$318b on the line in WA as approval delays stall major projects

Delays to environmental approvals for major projects in Western Australia could jeopardise hundreds of billions of dollars in investment, according to a new report from CCIWA.

The report, Green Web: How Environmental Approvals Could Trap Australian Investment, reveals that WA has approximately $318 billion worth of known investment projects in the pipeline that have yet to receive environmental approval.

In total these projects are expected to create around 106,000 jobs in Western Australia. That equates to tens of thousands of jobs at risk.

Consultations with WA businesses that have projects currently under application for environmental approvals found that 40% were at risk of abandoning their projects as a result of the delays, while 25% indicated they were at risk of scaling down their projects.

Those that indicated they would scale down projects said they expected to downsize by 40%.

CCIWA Chief Economist, Aaron Morey, said the complex web of state and federal regulations could jeopardise jobs and economic growth in WA.

“We’ve heard from businesses that wait times have blown out by up to 18 months in the past five years in WA,” he said.

“That’s 18 months additional time for projects to languish on the shelf, and the longer a project sits on the shelf, the greater the risk that investors lose patience and look to invest elsewhere.

“There’s no doubt we need robust environmental regulation to protect our most precious assets, but when project proponents are being forced to jump through unnecessary hoops to get an approval they’re likely to look for a more predictable, less complex place to do business.”

Companies in the mining, agriculture, fisheries, construction, manufacturing, space and defence industries are among those who have expressed alarm at the increasingly complex patchwork of environmental regulation.
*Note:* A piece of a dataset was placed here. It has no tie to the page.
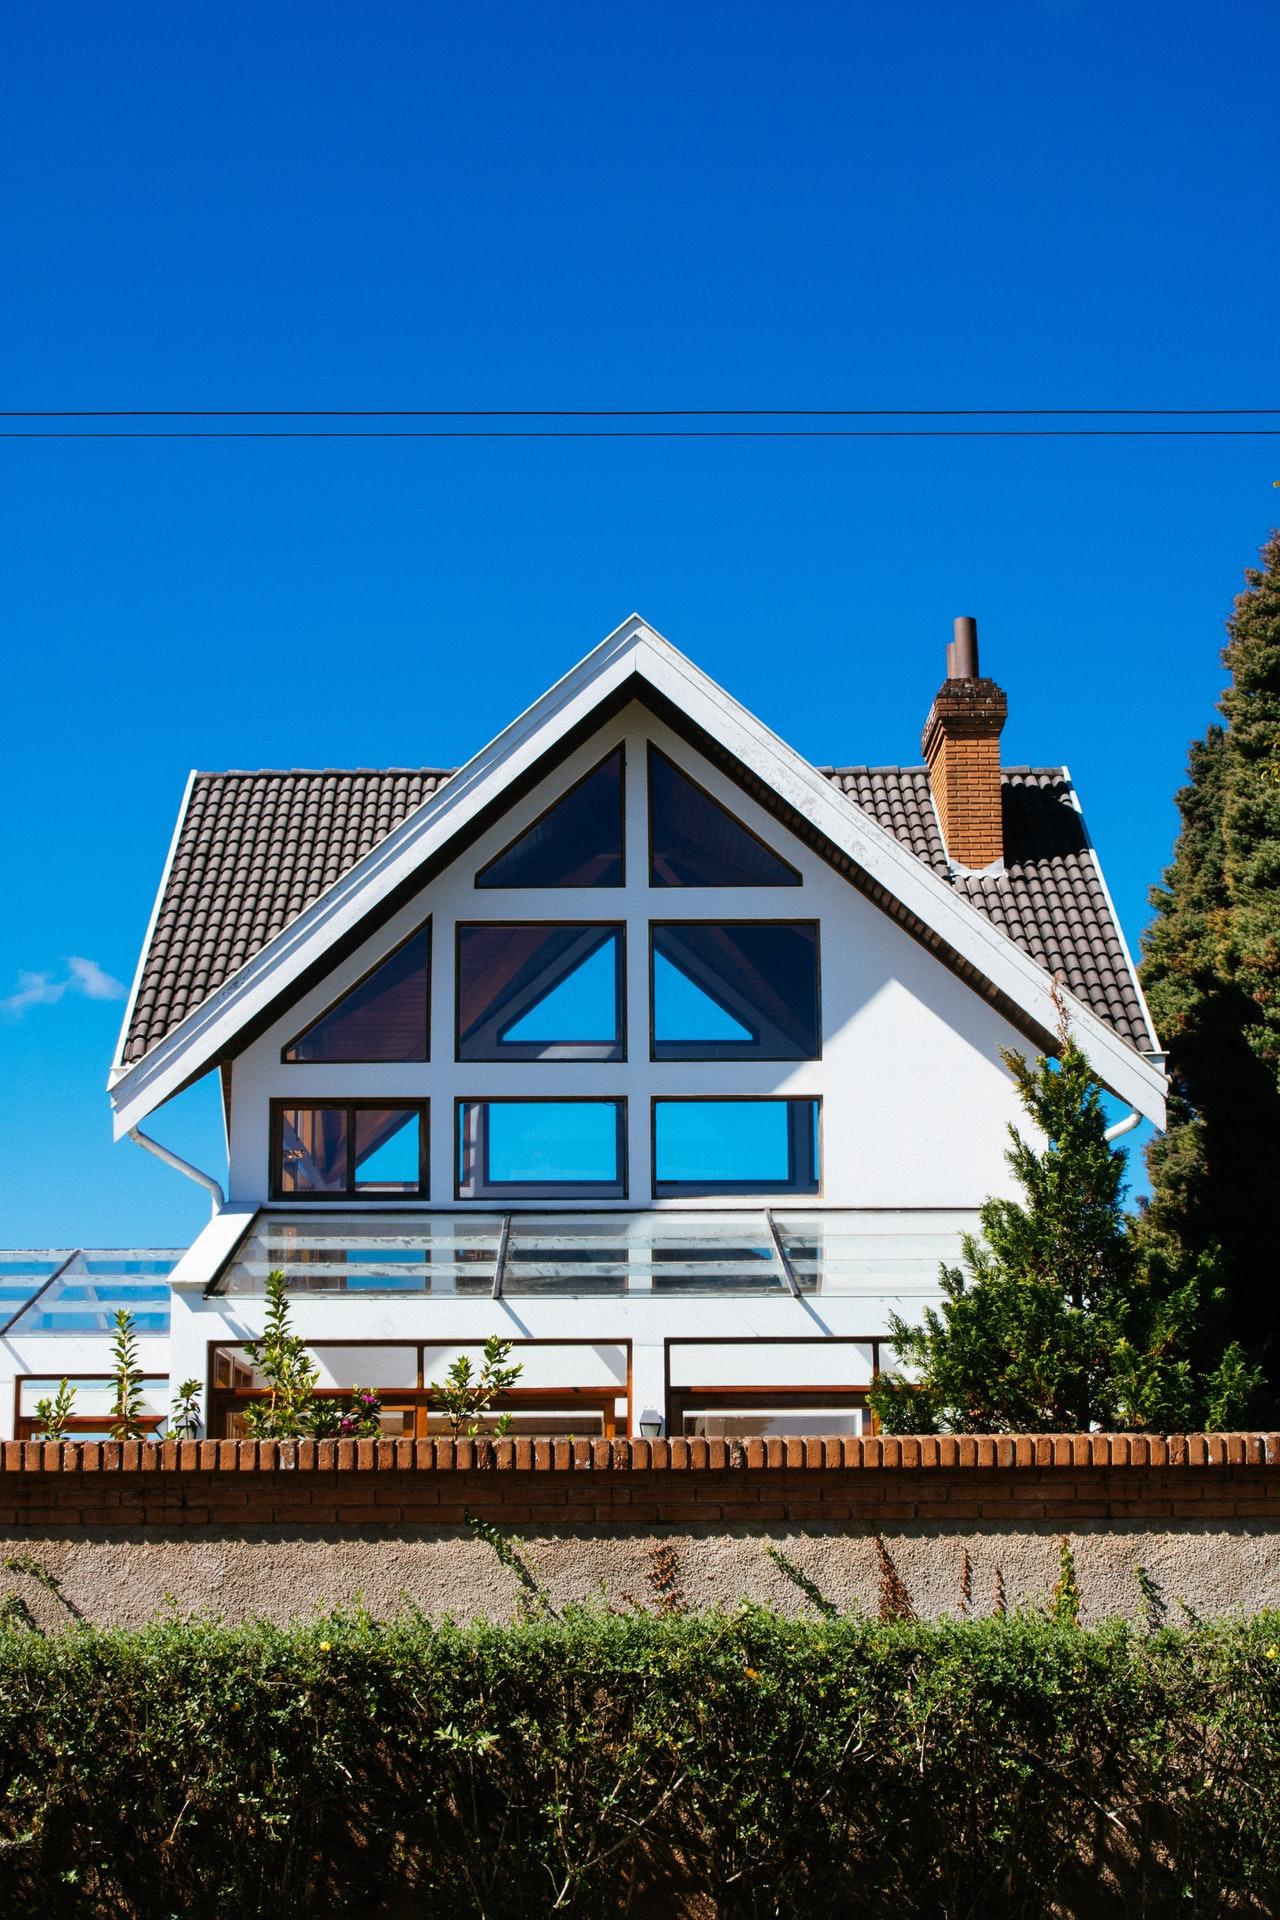 white-concrete-house-under-clear-blue-sky-2371975

Delays in approvals also impact publicly funded infrastructure projects, like new railway lines and roads.

The report also highlights significant concerns with the cultural heritage approvals process, noting the considerable alarm across industry from a recent Federal Court decision about what constitutes a “relevant person” for the purposes of consultation.
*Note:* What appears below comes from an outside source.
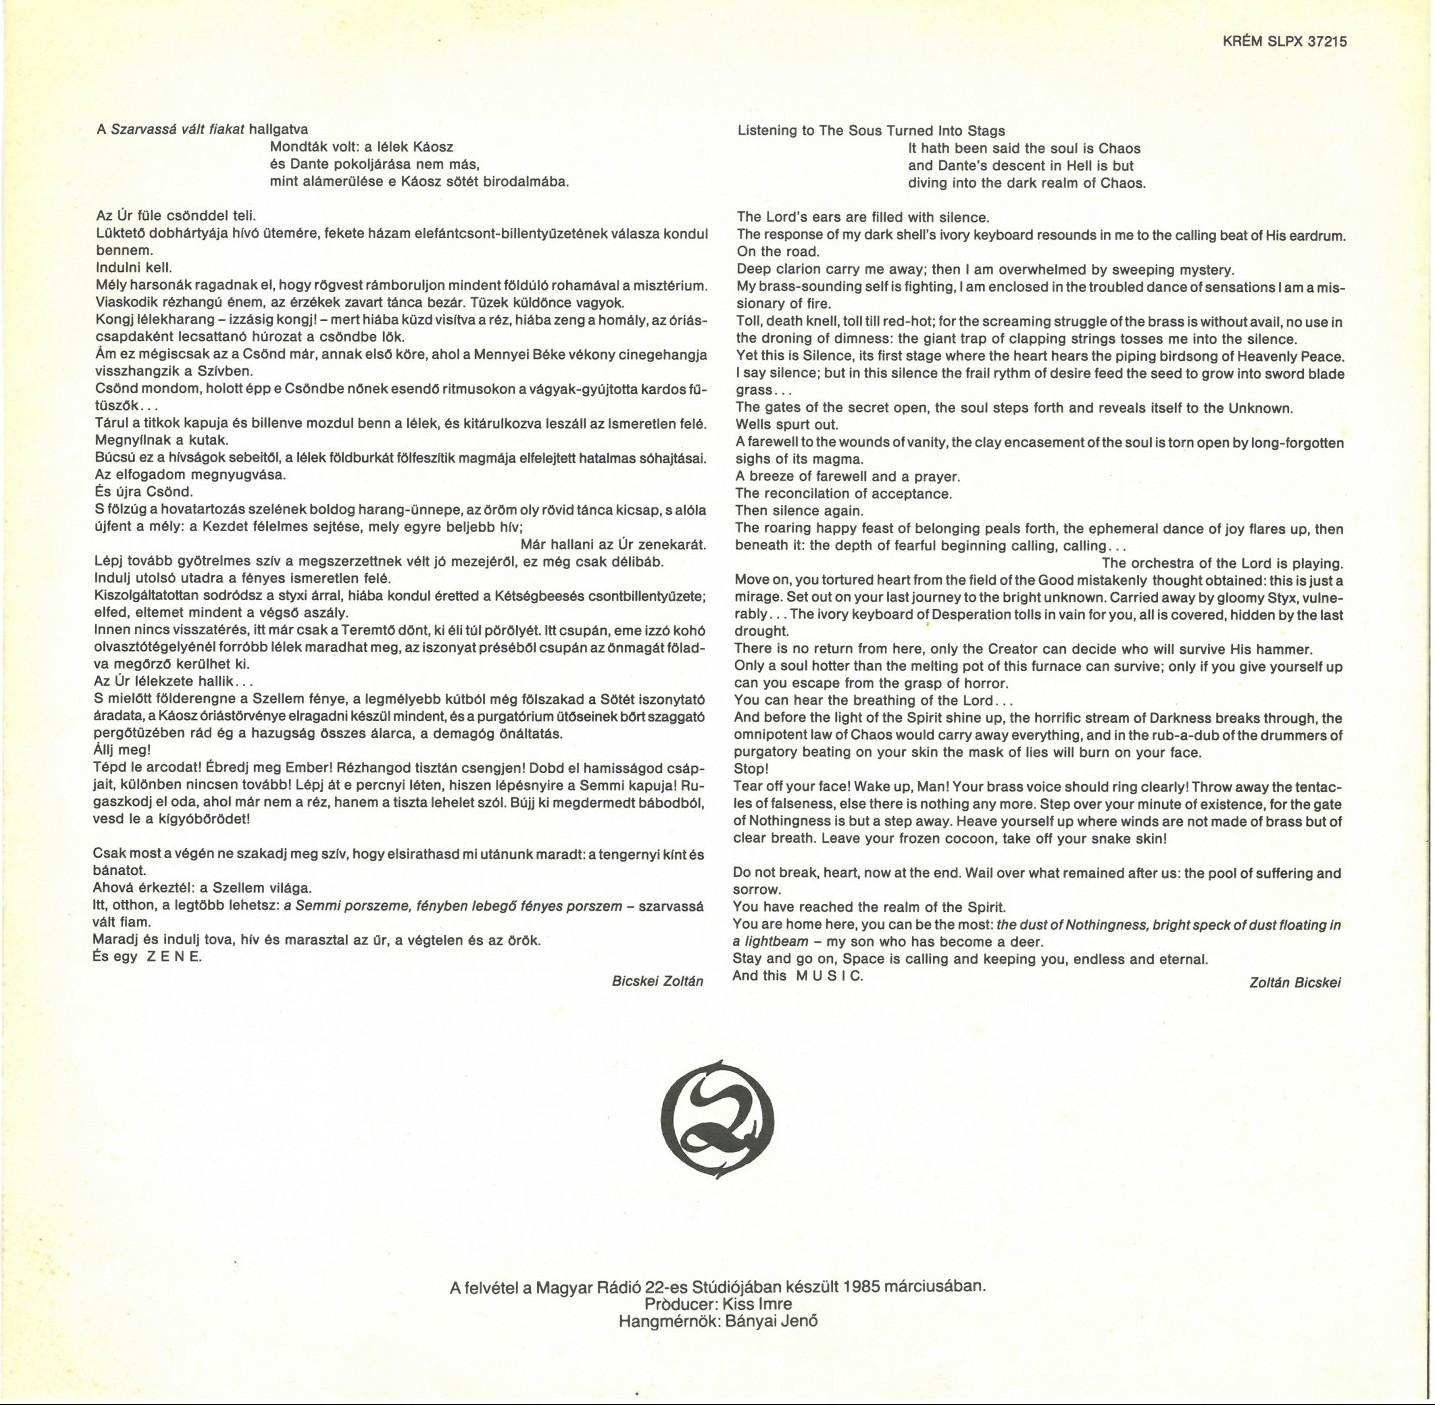 GSP1985LPI2

Mr Morey said a major project in WA typically needs to consult with multiple State Government departments on overlapping issues.

“The State Government has attempted to make some improvements to streamline processes, including the establishment of a Green Approvals unit and investment in Environment Online,” he said.

“But our members who work within this system tell us these measures simply don’t go far enough, and it remains to be seen whether they will actually have a material impact on approval times,” he said.

The report also highlighted concerns that activists were exploiting the court system to stall projects, including groups that were not directly impacted by the proposal.

Mr Morey warned changes proposed at a federal level, including the establishment of a national Environmental Protection Agency, will make it even harder for major projects to proceed.

“The Commonwealth’s proposed Nature Positive reforms will duplicate much of what’s already happening at a state level,” he said.

“It proposes to introduce a complicated offsets regime and won’t take into account the social and economic benefits of a project when making a decision on approvals.”